Compound 3a(Mansoura University)

A new series of 4-substituted oxycoumarin scaffolds was designed, synthesized, and evaluated for antiviral activity against both SARS-CoV-2 and HSV-2 viruses. Results indicated that compounds 3a, 4a, 4d, and 6d were found to be the most active members against SARS-CoV-2 with IC₅₀ values of 11.17-16.65 μg/mL, with respect to acyclovir (IC₅₀ 15.94 μg/mL). On the other hand, compounds 3a, 4a, 6b, 6c, and 6d had the best antiviral activity against HSV-2, with IC₅₀ ranging from 20.41 to 23.55 μg/mL in comparison to acyclovir (IC₅₀ 13.07 μg/mL) as a reference drug. A dual mechanistic study for active compounds against SARS-CoV-2 was performed against both 3CL protease and RNA polymerase while the DNA binding mechanism for HSV-2 was tested. Compounds 3a and 4a exhibited excellent inhibitory activity against the 3CL protease enzyme with IC₅₀s of 2.061 and 1.356 μg/mL, respectively, against tipranavir (IC₅₀ 7.057 μg/mL). In addition, compound 4a exhibited a good RNA-dependent RNA polymerase inhibitory activity, showing IC₅₀ 1.072 μg/mL against remdesivir (IC₅₀ 0.541 μg/mL).

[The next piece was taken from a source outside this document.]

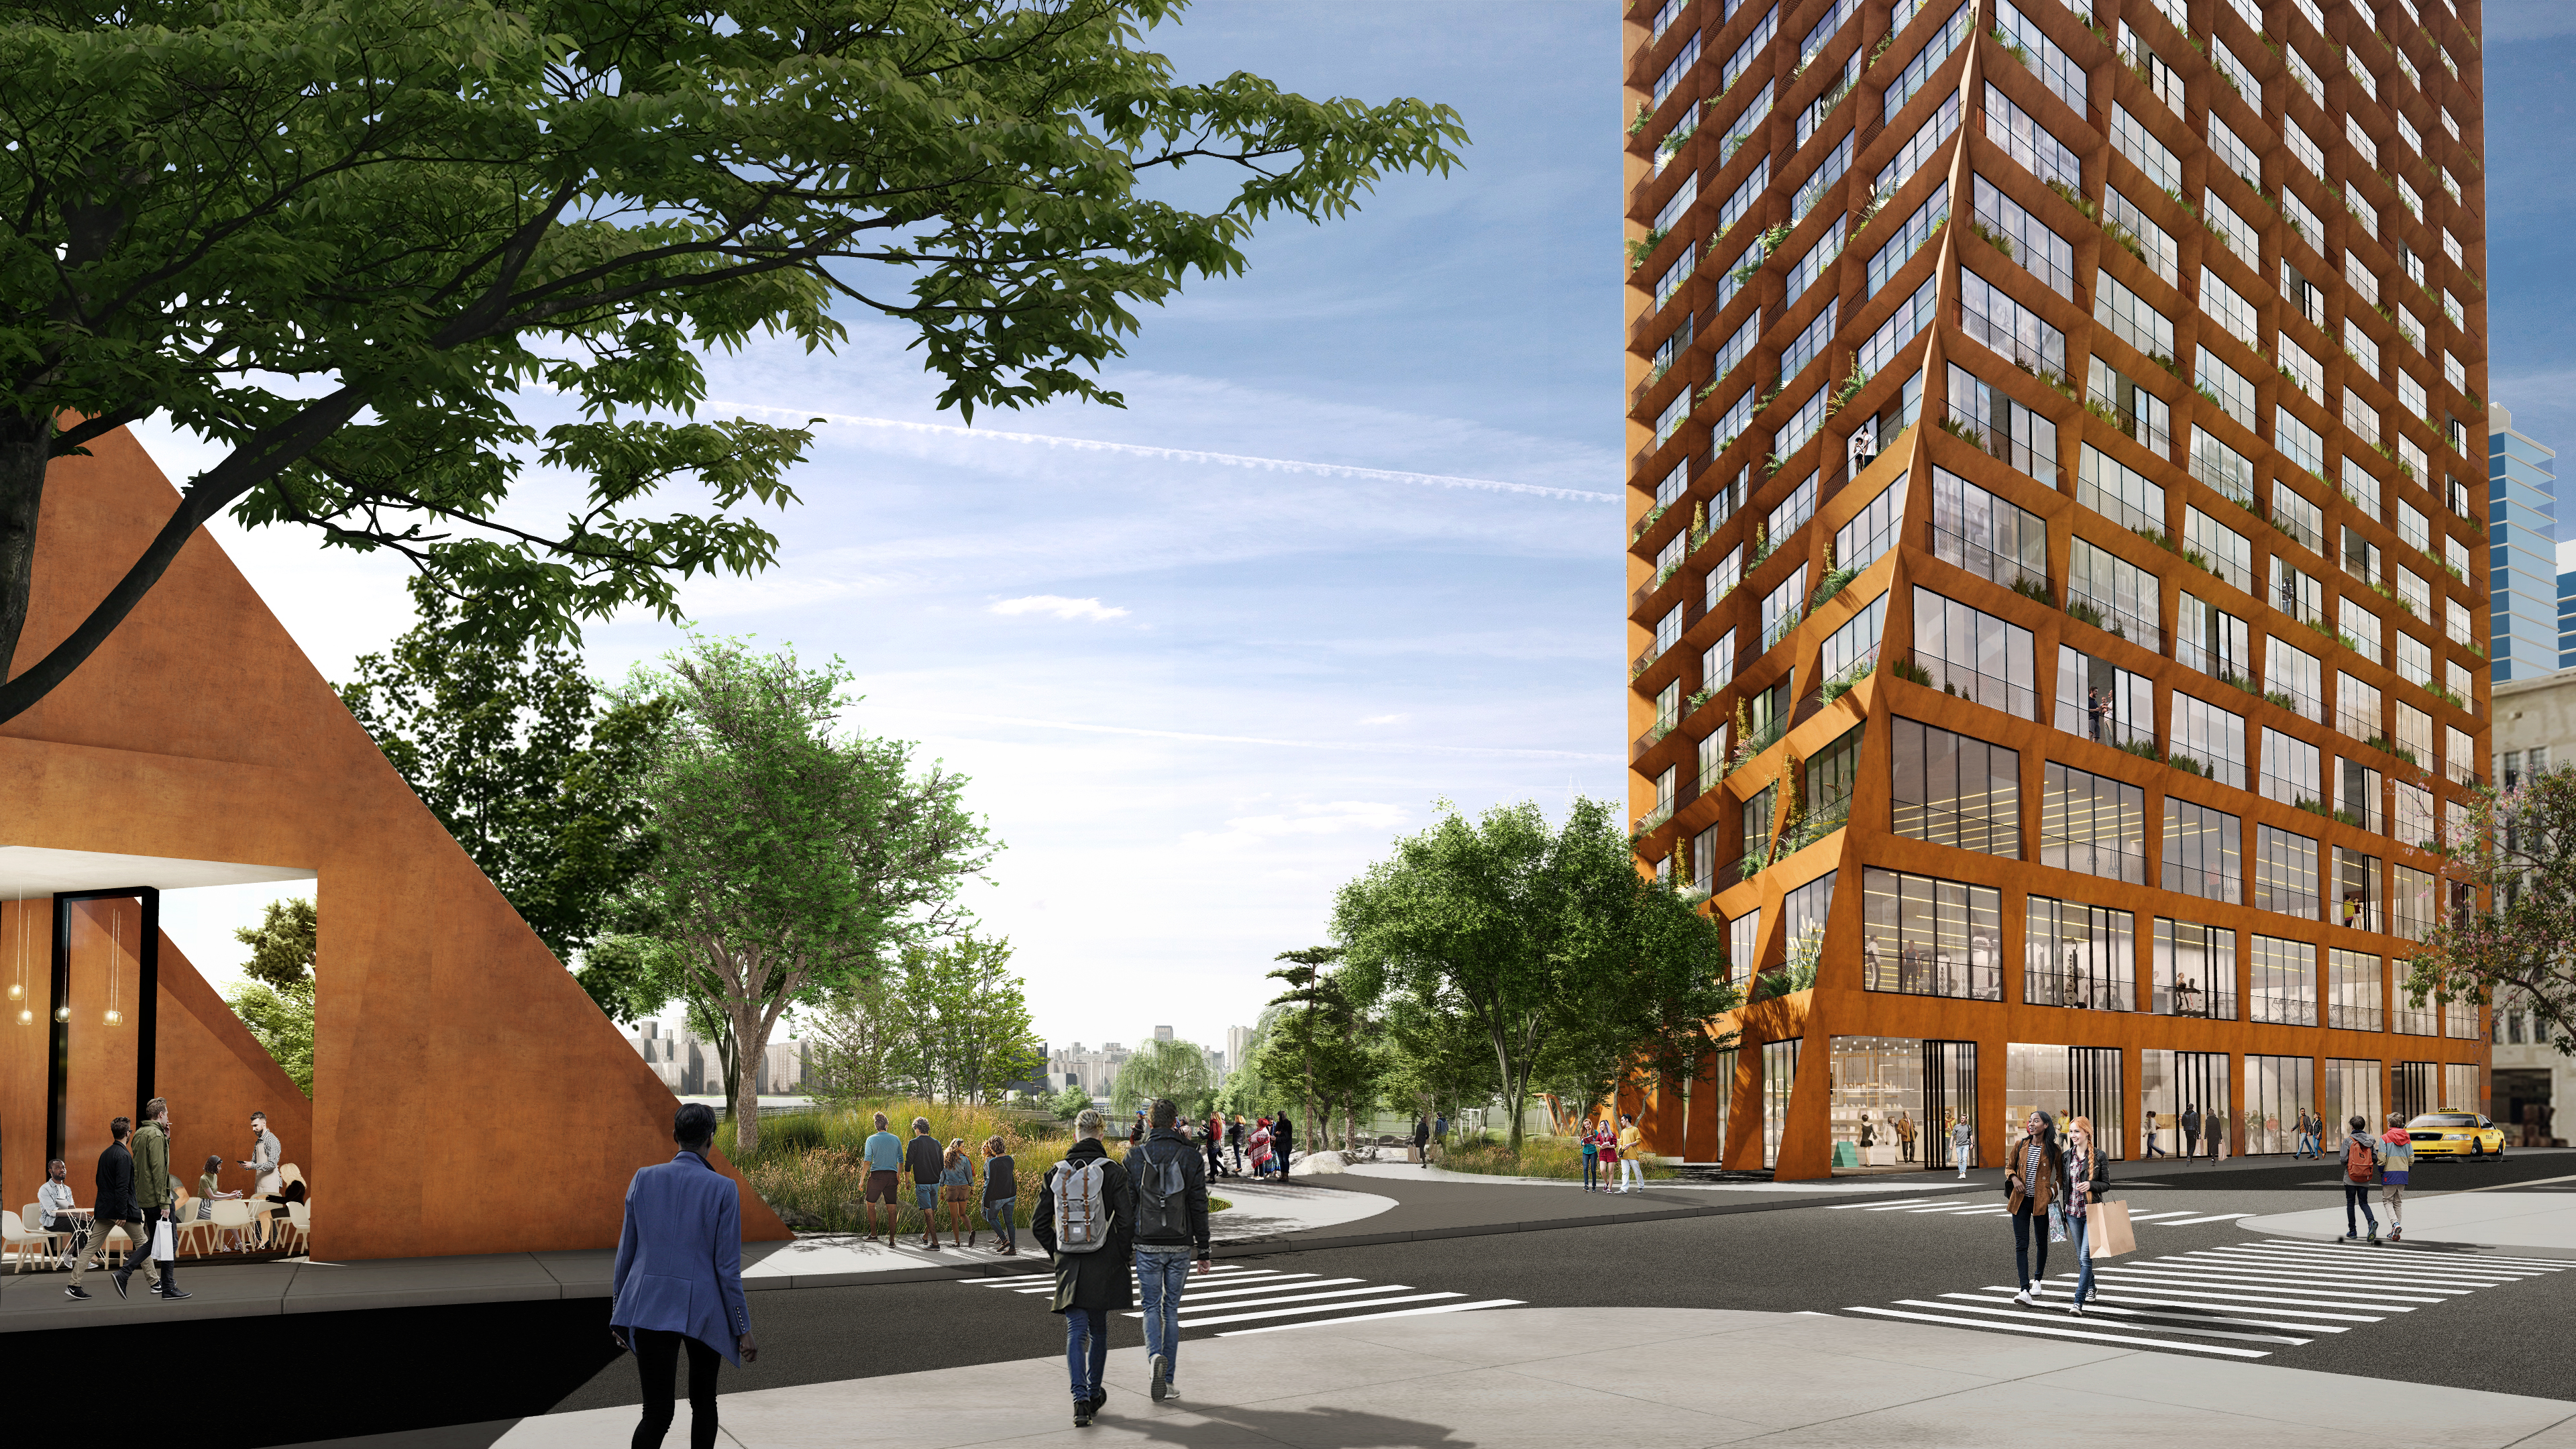 Here’s a street-level look at the proposed River Street development’s two apartment buildings. Rendering by James Corner Field Operations and BIG-Bjarke Ingels Group courtesy of Two Trees Management

HSV-2 inhibition activity was mechanistically studied through DNA binding, where it was found that compounds 6c and 6d showed good DNA binding affinity with IC₅₀ of 36.18 and 42.7 μg/mL, respectively, against doxorubicin (IC₅₀ 31.54 μg/mL). Molecular docking studies were performed on SARS 3CL protease, RNA polymerase enzymes, and HSV-2 double-stranded DNA. Docking results exhibited excellent agreement with the obtained biological results. Physicochemical parameters and pharmacokinetic profile studies for the most active candidates, which were obtained from software calculations, proved credible drug-likeness that might act as good orally active antiviral scaffolds.